与卷积层类似，池化运算前同样支持对特征图边界的填充 (padding)，并通过步幅 (stride) 改变池化窗口移动的步长。

池化层的参数控制：

kernel_size：池化窗口的大小
stride：池化窗口移动的步幅
padding：在输入周围添加的填充

以下使用 PyTorch 中内置的二维最大池化层 nn.MaxPool2d() 演示：

import torch
from torch import nn

# 创建4×4的输入数据
data = torch.arange(16, dtype=torch.float32).reshape(1, 1, 4, 4)

# 不同参数配置的池化层
layer1 = nn.MaxPool2d(kernel_size=3, padding=1, stride=2)
layer2 = nn.MaxPool2d(kernel_size=(2, 3), stride=(2, 3), padding=(0, 1))

# 执行池化操作
result1 = layer1(data)
result2 = layer2(data)

print('原始数据:')
print(data.squeeze())
print(f'\n配置1 - kernel_size=3, padding=1, stride=2:')
print(result1.squeeze())
print(f'\n配置2 - kernel_size=(2,3), stride=(2,3), padding=(0,1):')
print(result2.squeeze())

查看输出结果

原始数据:
tensor([[ 0.,  1.,  2.,  3.],
        [ 4.,  5.,  6.,  7.],
        [ 8.,  9., 10., 11.],
        [12., 13., 14., 15.]])

配置1 - kernel_size=3, padding=1, stride=2:
tensor([[ 5.,  7.],
        [13., 15.]])

配置2 - kernel_size=(2,3), stride=(2,3), padding=(0,1):
tensor([[ 5.,  7.],
        [13., 15.]])

3. 多通道池化

与卷积层类似，池化层也需要处理多通道的数据。

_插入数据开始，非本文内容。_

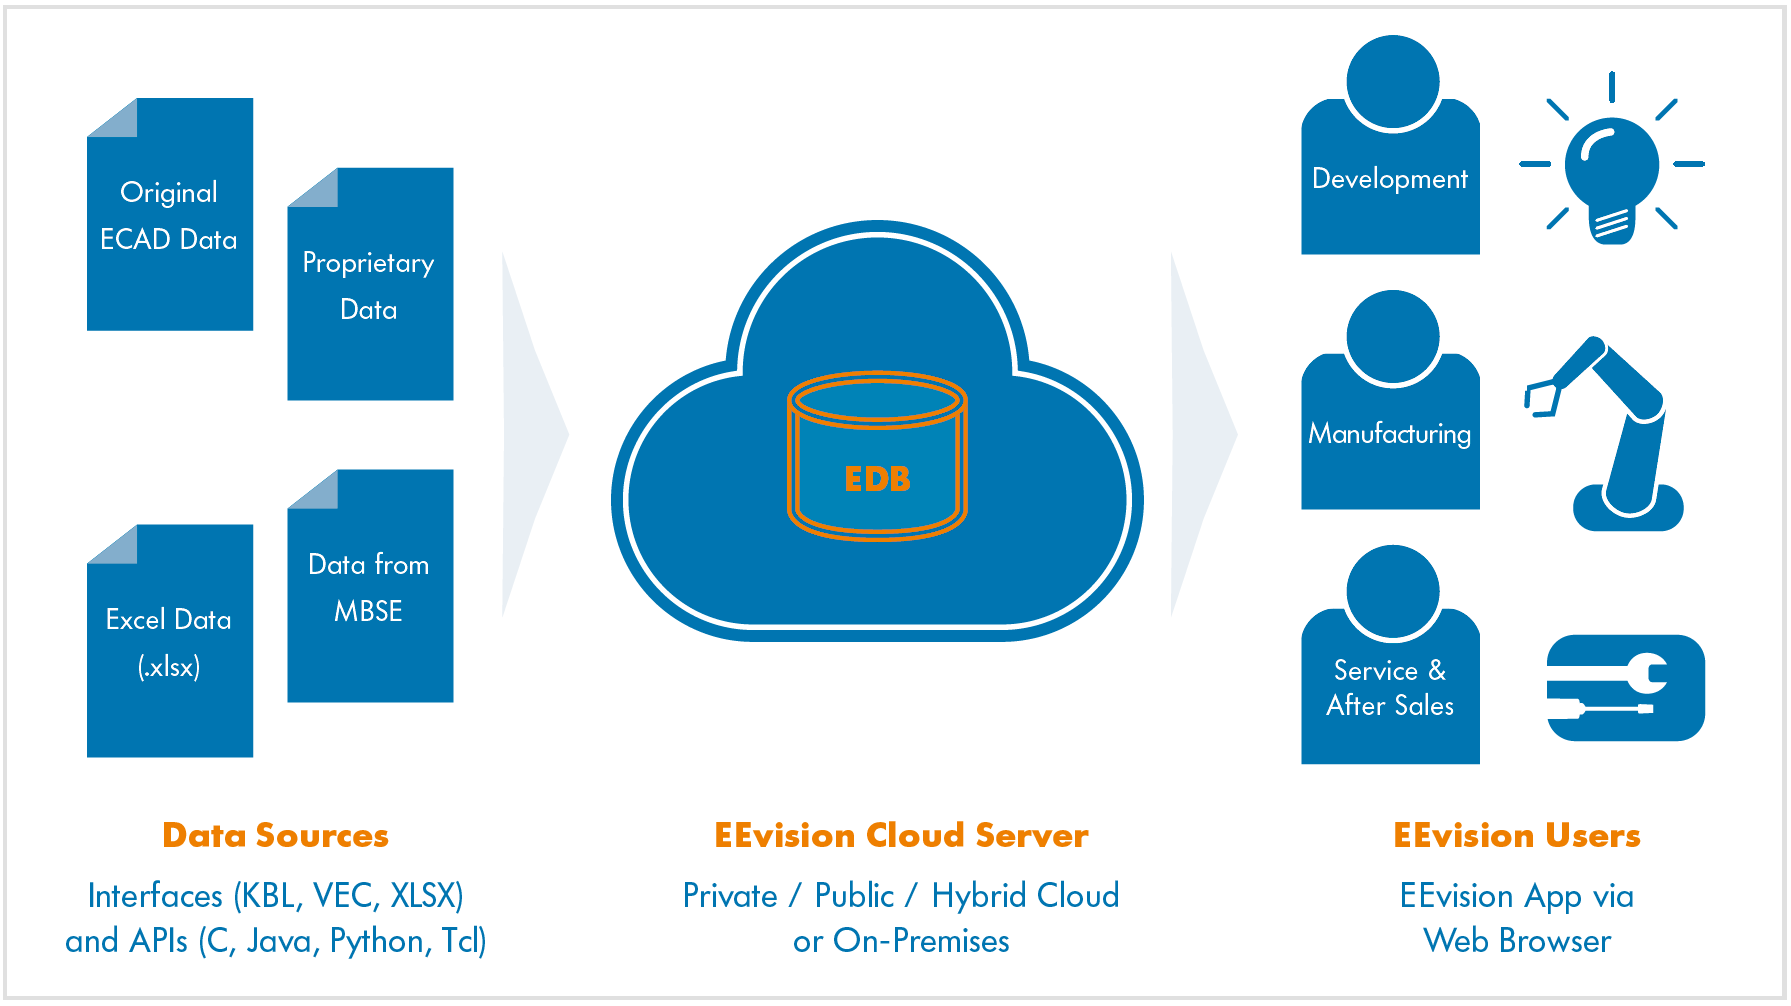 EEvision Cloud Server

但与卷积层不同的是：

多通道处理的差异：

卷积层：对输入进行卷积运算后将各通道结果加和
池化层：为每个通道独立应用相同的池化窗口，保持通道数不变

3.1 多通道池化实现

import torch
from torch import nn

# 创建双通道数据
channel1 = torch.arange(16, dtype=torch.float32).reshape(1, 1, 4, 4)
channel2 = channel1 + 1
multi_channel_data = torch.cat((channel1, channel2), dim=1)

# 定义池化层
pooling_layer = nn.MaxPool2d(kernel_size=3, padding=1, stride=2)
pooling_result = pooling_layer(multi_channel_data)

print('多通道输入数据:')
print('通道1:')
print(multi_channel_data[0, 0])
print('通道2:')
print(multi_channel_data[0, 1])

print('\n池化结果:')
print('输出通道1:')
print(pooling_result[0, 0])
print('输出通道2:')
print(pooling_result[0, 1])

print(f'\n输入形状: {multi_channel_data.shape}')
print(f'输出形状: {pooling_result.shape}')

查看输出结果

多通道输入数据:
通道1:
tensor([[ 0.,  1.,  2.,  3.],
        [ 4.,  5.,  6.,  7.],
        [ 8.,  9., 10., 11.],
        [12., 13., 14., 15.]])
通道2:
tensor([[ 1.,  2.,  3.,  4.],
        [ 5.,  6.,  7.,  8.],
        [ 9., 10., 11., 12.],
        [13., 14., 15., 16.]])

池化结果:
输出通道1:
tensor([[ 5.,  7.],
        [13., 15.]])
输出通道2:
tensor([[ 6.,  8.],
        [14., 16.]])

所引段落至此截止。